As usual, the Queen last week looked back over the past year, and suggested, rather guardedly, that 2019 ‘may at times .. have felt quite bumpy’. She might have added what she obviously knows, but, of course, is not allowed to say, that 2020 seems certain to be even bumpier. By the end of it, perhaps by the end of its first month, the UK will have left the European Union. The advocates of Brexit, led by the Prime Minister, can’t wait for this to happen. Mr Johnson promises a new ‘golden age’ for Britain. Its opponents view it as a disaster, and foresee calamitous consequences. The truth is that nobody knows, only that we now seem unable to do anything about it. With such an uncertain prospect, not to mention other national and global concerns, it is no wonder that many face 2020 with trepidation, even fear.
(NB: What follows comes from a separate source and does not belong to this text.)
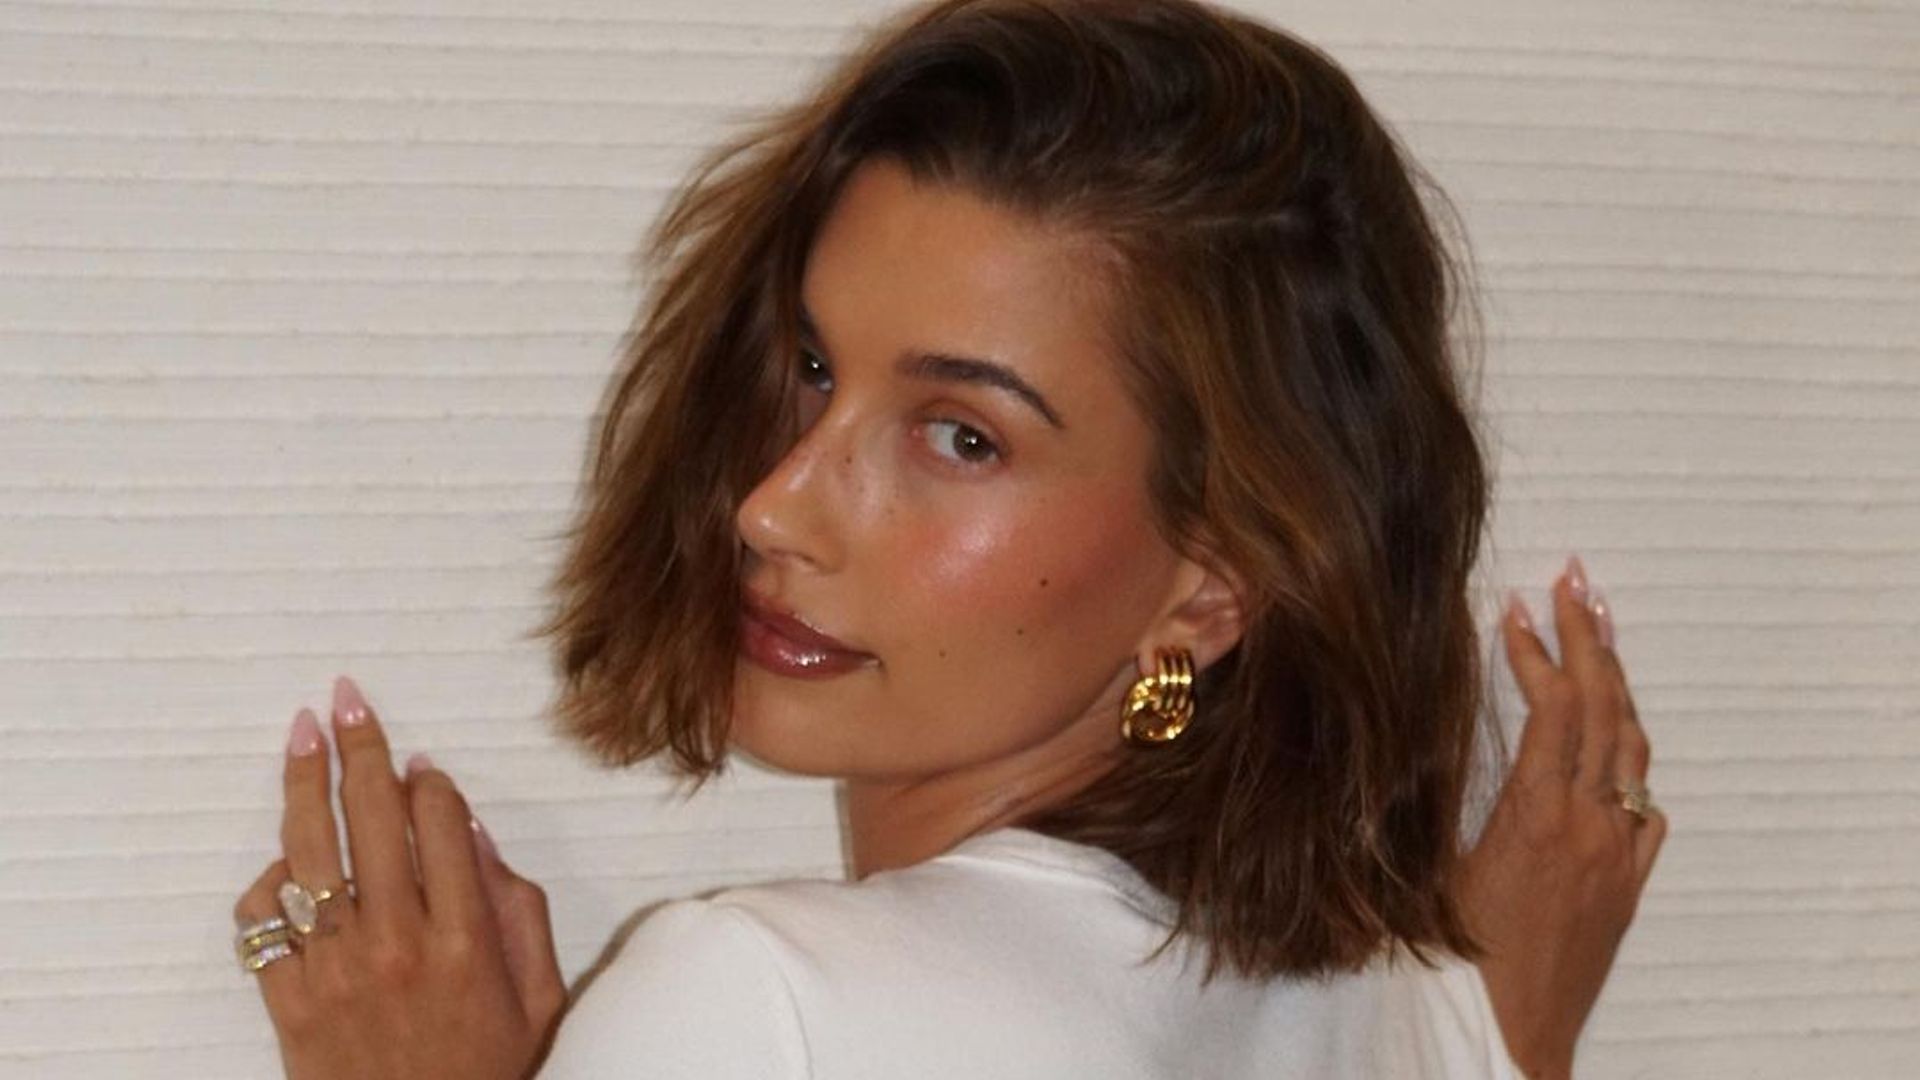 Hailey Bieber brings back the iridescent manicure

In the weeks approaching this Christmas, my mind has gone back 80 years to George VI’s Christmas Day broadcast of 1939. The Second World War was a few months old. Nobody knew what was going to happen, but feared the worst. And, indeed, in 1940, things did get worse, with the Germans overrunning Europe as far as the Channel ports and threatening imminent invasion of Britain. And at that dark moment, the King quoted the words of an American writer, Minnie Louise Haskins: “And I said to the man who stood at the gate of the year: Give me a light that I may tread safely into the unknown.” And he replied: “Go out into the darkness and put your hand into the hand of God. That shall be to you better than light and safer than a known way.”

Light, of course, is one of the most prevalent and potent of our Christmas symbols – in our homes, our communities, and our churches. People will tell you that this is a survival of old pagan Yuletide customs, celebrating the turning of the year at midwinter. This may well be true, but Christians have always linked it to the coming of Christ. The true light that gives light to everyone was even then coming into the world’, we heard in the Christmas gospel (John 1.9). We rejoice in that light, and we trust in it: The light shines in the darkness, and the darkness has not overcome it’, we read a few verses earlier (1.5).

Of course, this does not relate only to events on the political scene, national or global. None of us can know what the coming year, or any other, may bring in our personal life. As we step out into the unknown, we can only put our hand into the hand of God. We do not have to search hard to find it. We have just heard Isaiah recounting ‘the steadfast love of Lord .. the abundance of his steadfast love. For he said, Surely they are my people the lifted them up and carried them all the days of old’ (Isaiah 63.7-9)

We may think of Christmas as God reaching out to us, taking our hand firmly in his. A memory of Christmas 2019 which I shall cherish is of Stephen’s younger granddaughter, Frances, on Christmas morning, clasping my finger which I had proffered to her and being reluctant to let it go. Did not Jesus say that, to enter the kingdom of heaven, we must become as little children? (Matthew 8.3).